Provided data |
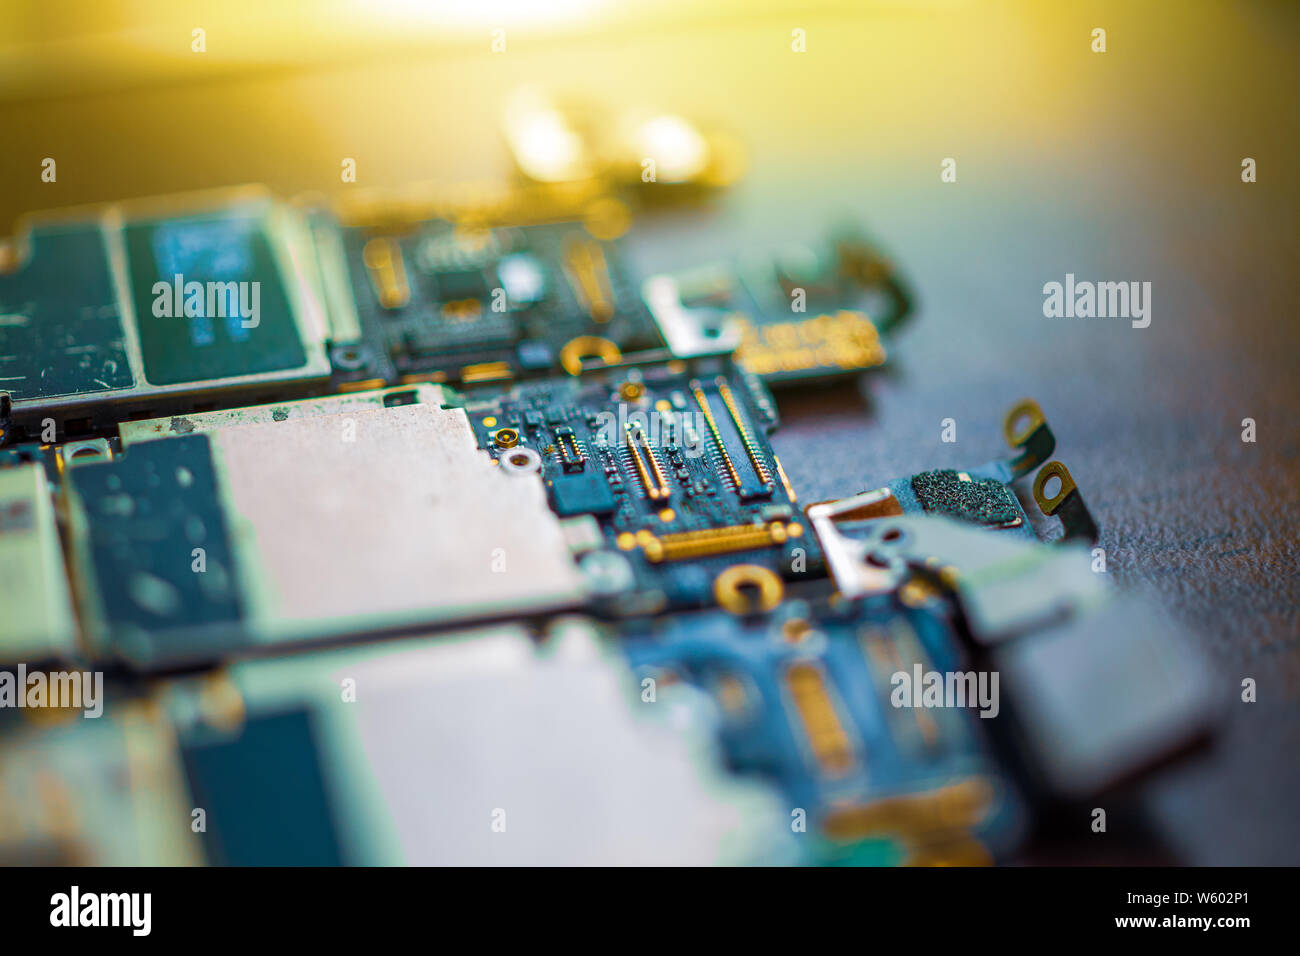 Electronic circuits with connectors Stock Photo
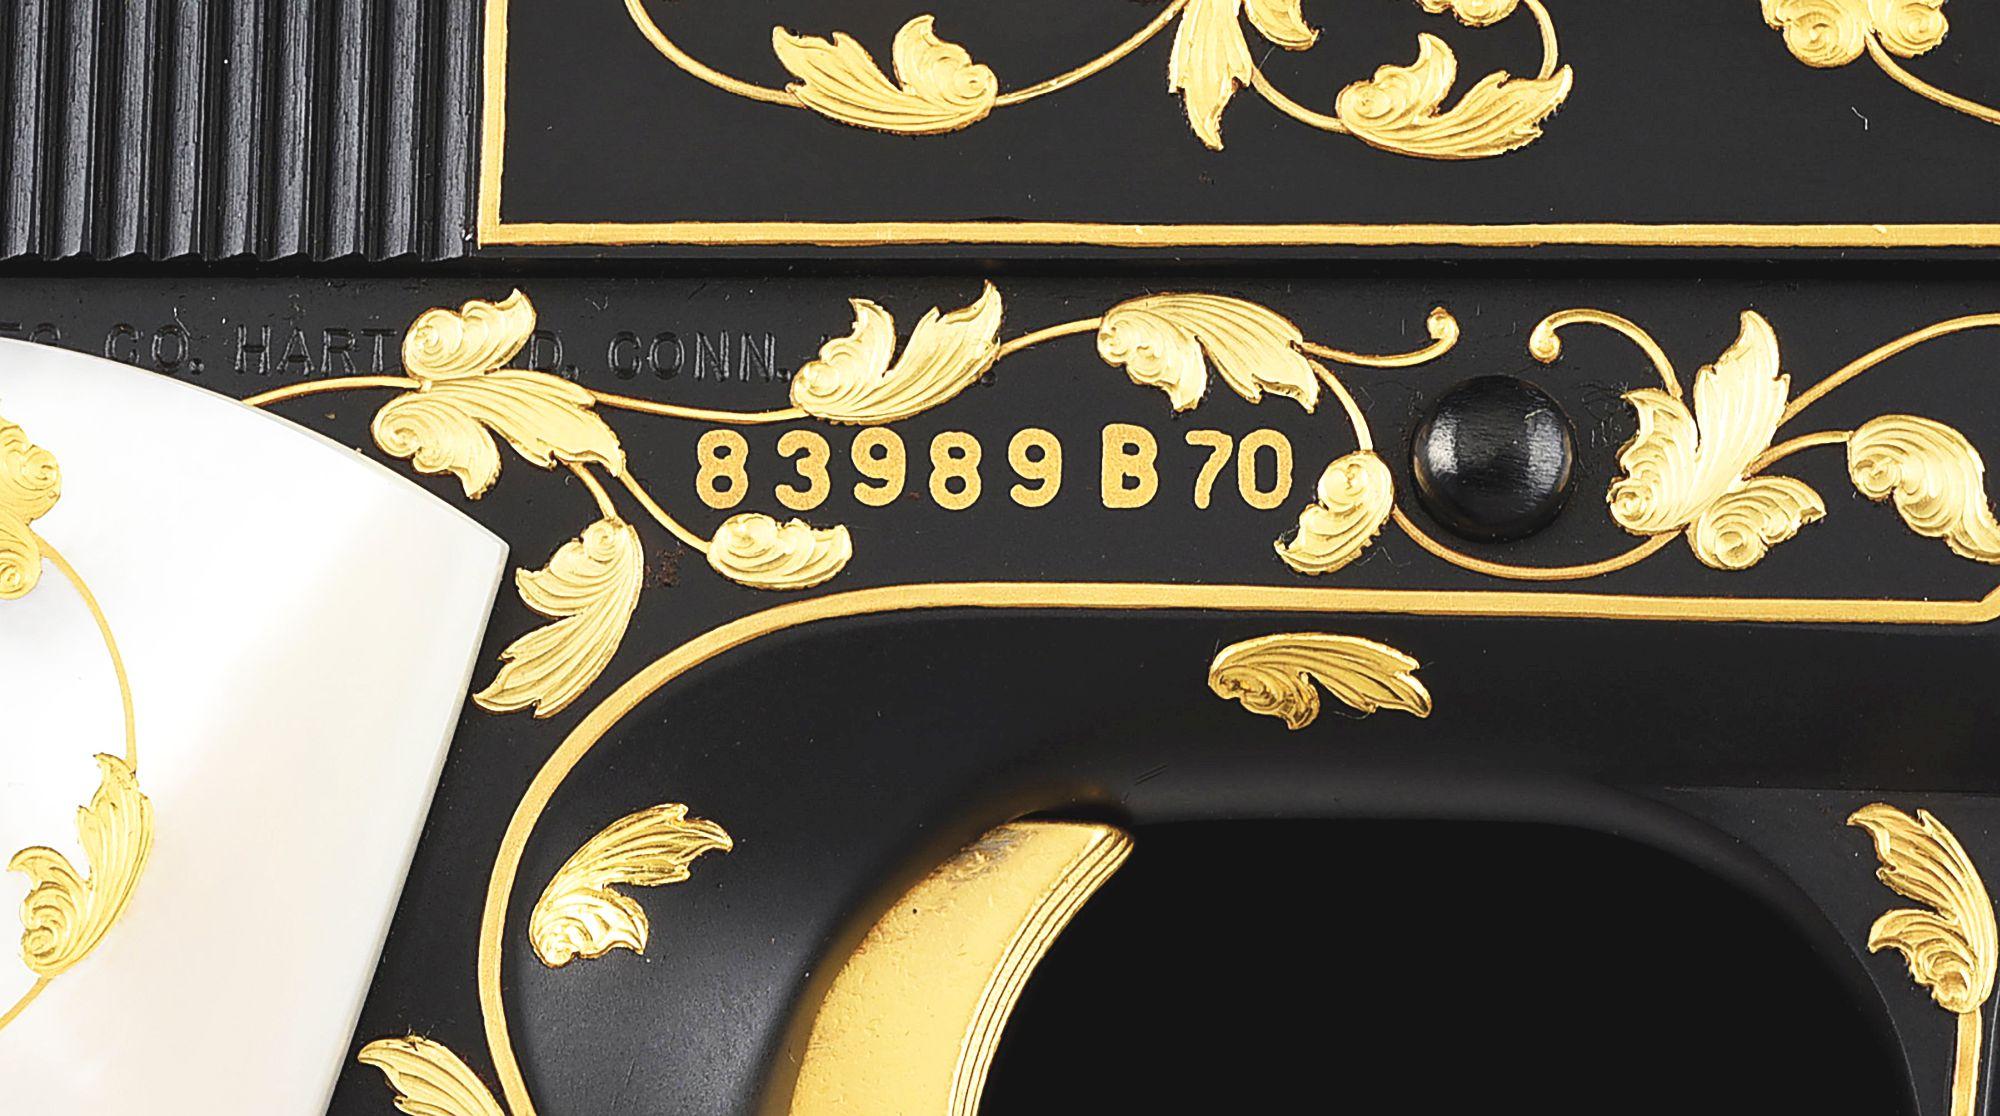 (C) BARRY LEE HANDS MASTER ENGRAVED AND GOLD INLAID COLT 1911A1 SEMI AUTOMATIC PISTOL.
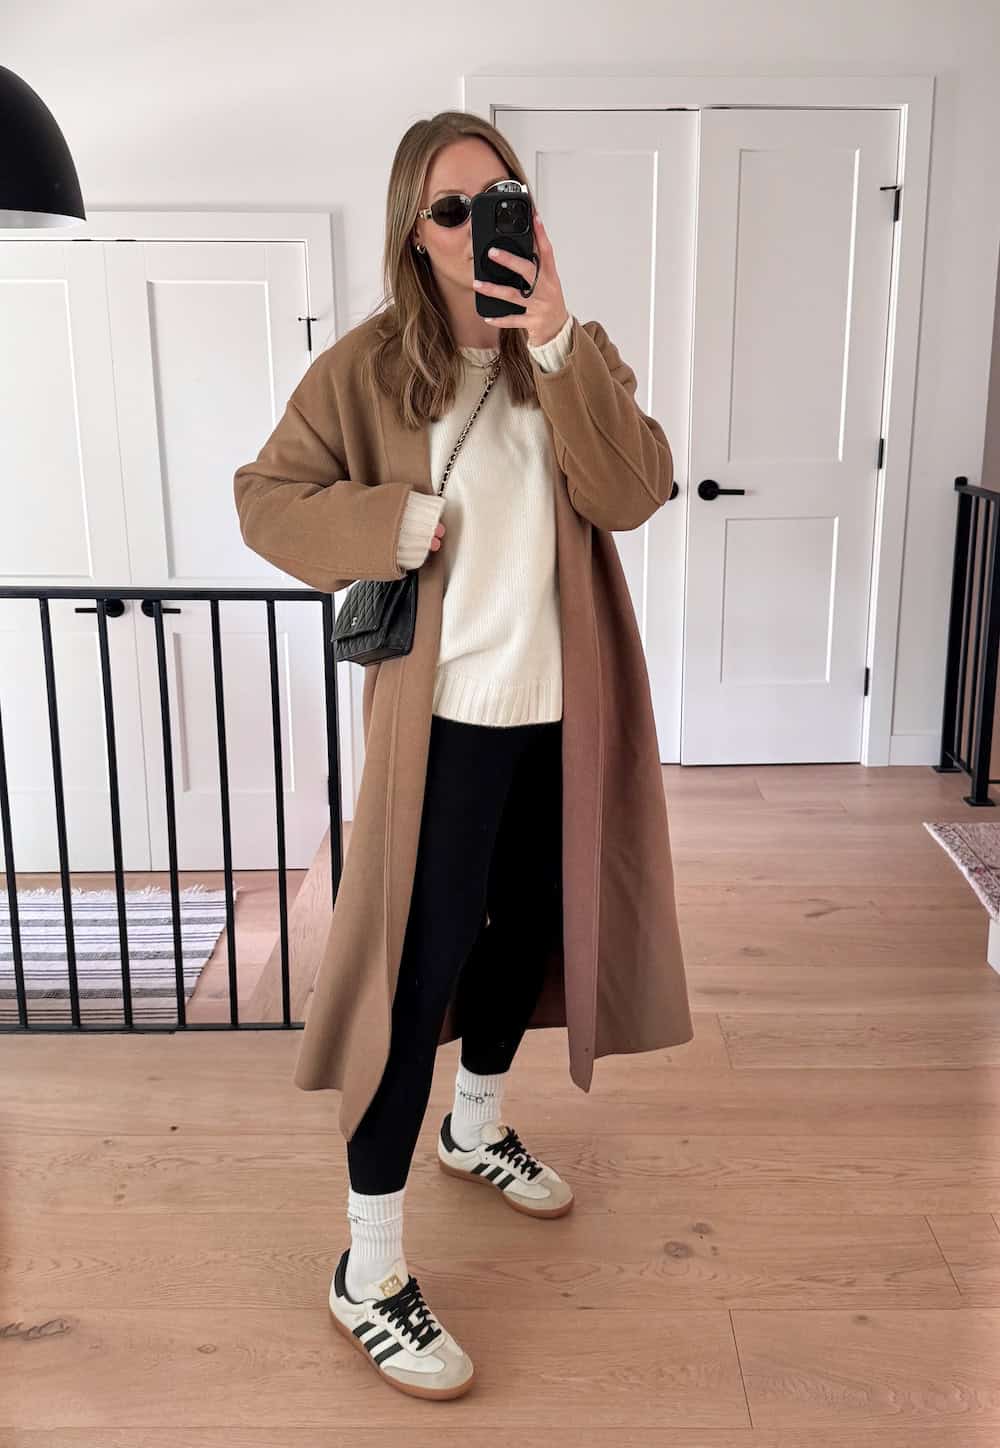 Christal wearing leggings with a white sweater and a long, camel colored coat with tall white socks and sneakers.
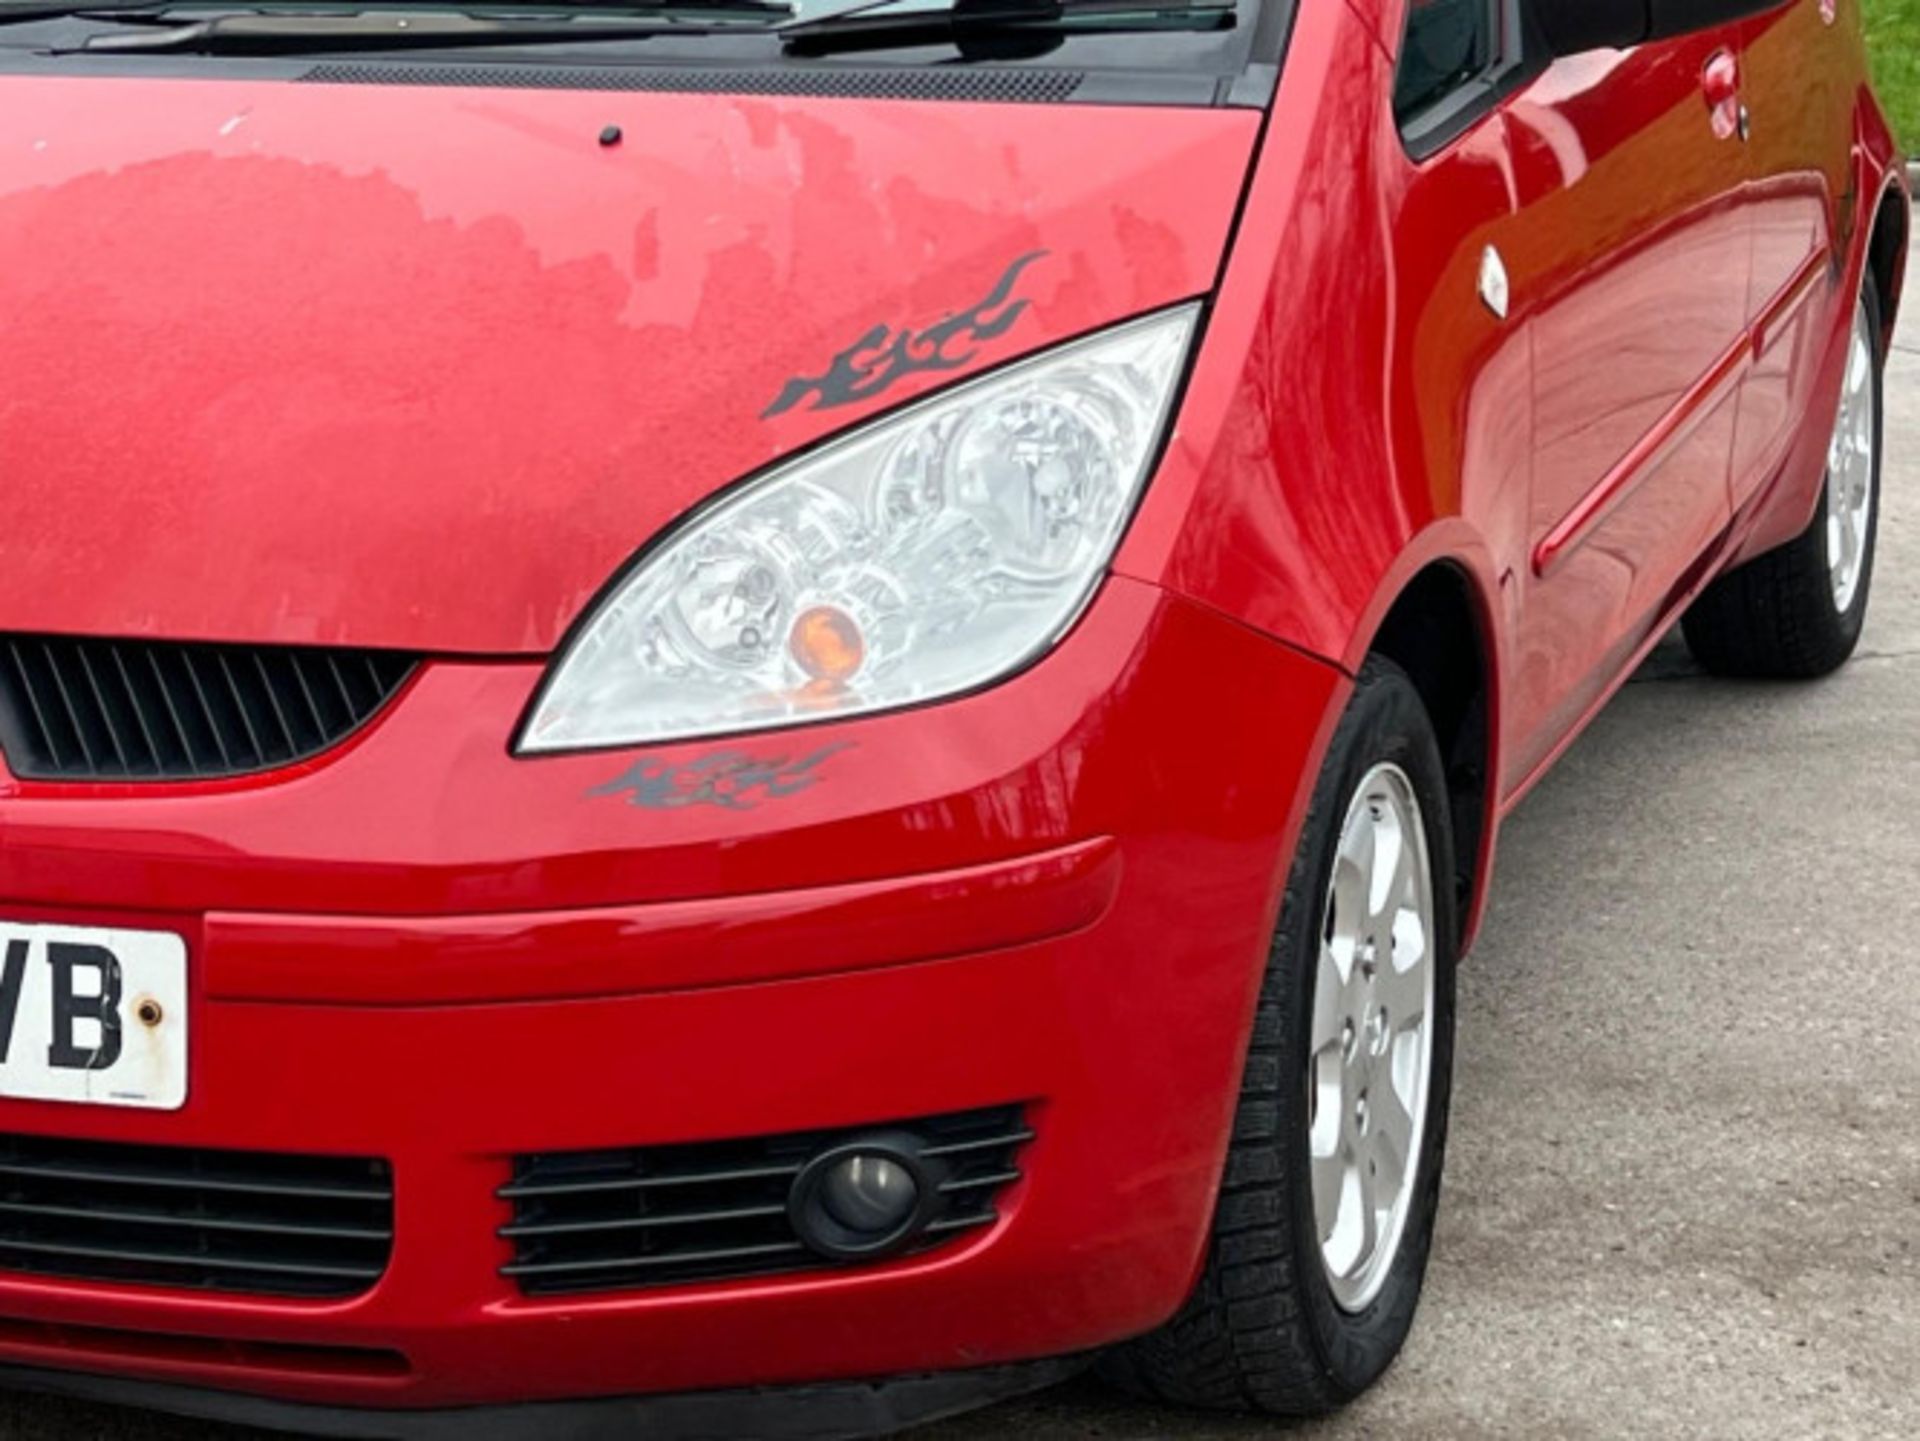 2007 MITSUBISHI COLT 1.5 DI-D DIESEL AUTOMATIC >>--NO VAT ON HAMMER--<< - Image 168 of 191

What the exercise asks | With the pictures left out, give again exactly the lines from the one with "Christal wearing leggings" through the end of the data, both included.

Exercise response |
 Christal wearing leggings with a white sweater and a long, camel colored coat with tall white socks and sneakers.
 2007 MITSUBISHI COLT 1.5 DI-D DIESEL AUTOMATIC >>--NO VAT ON HAMMER--<< - Image 168 of 191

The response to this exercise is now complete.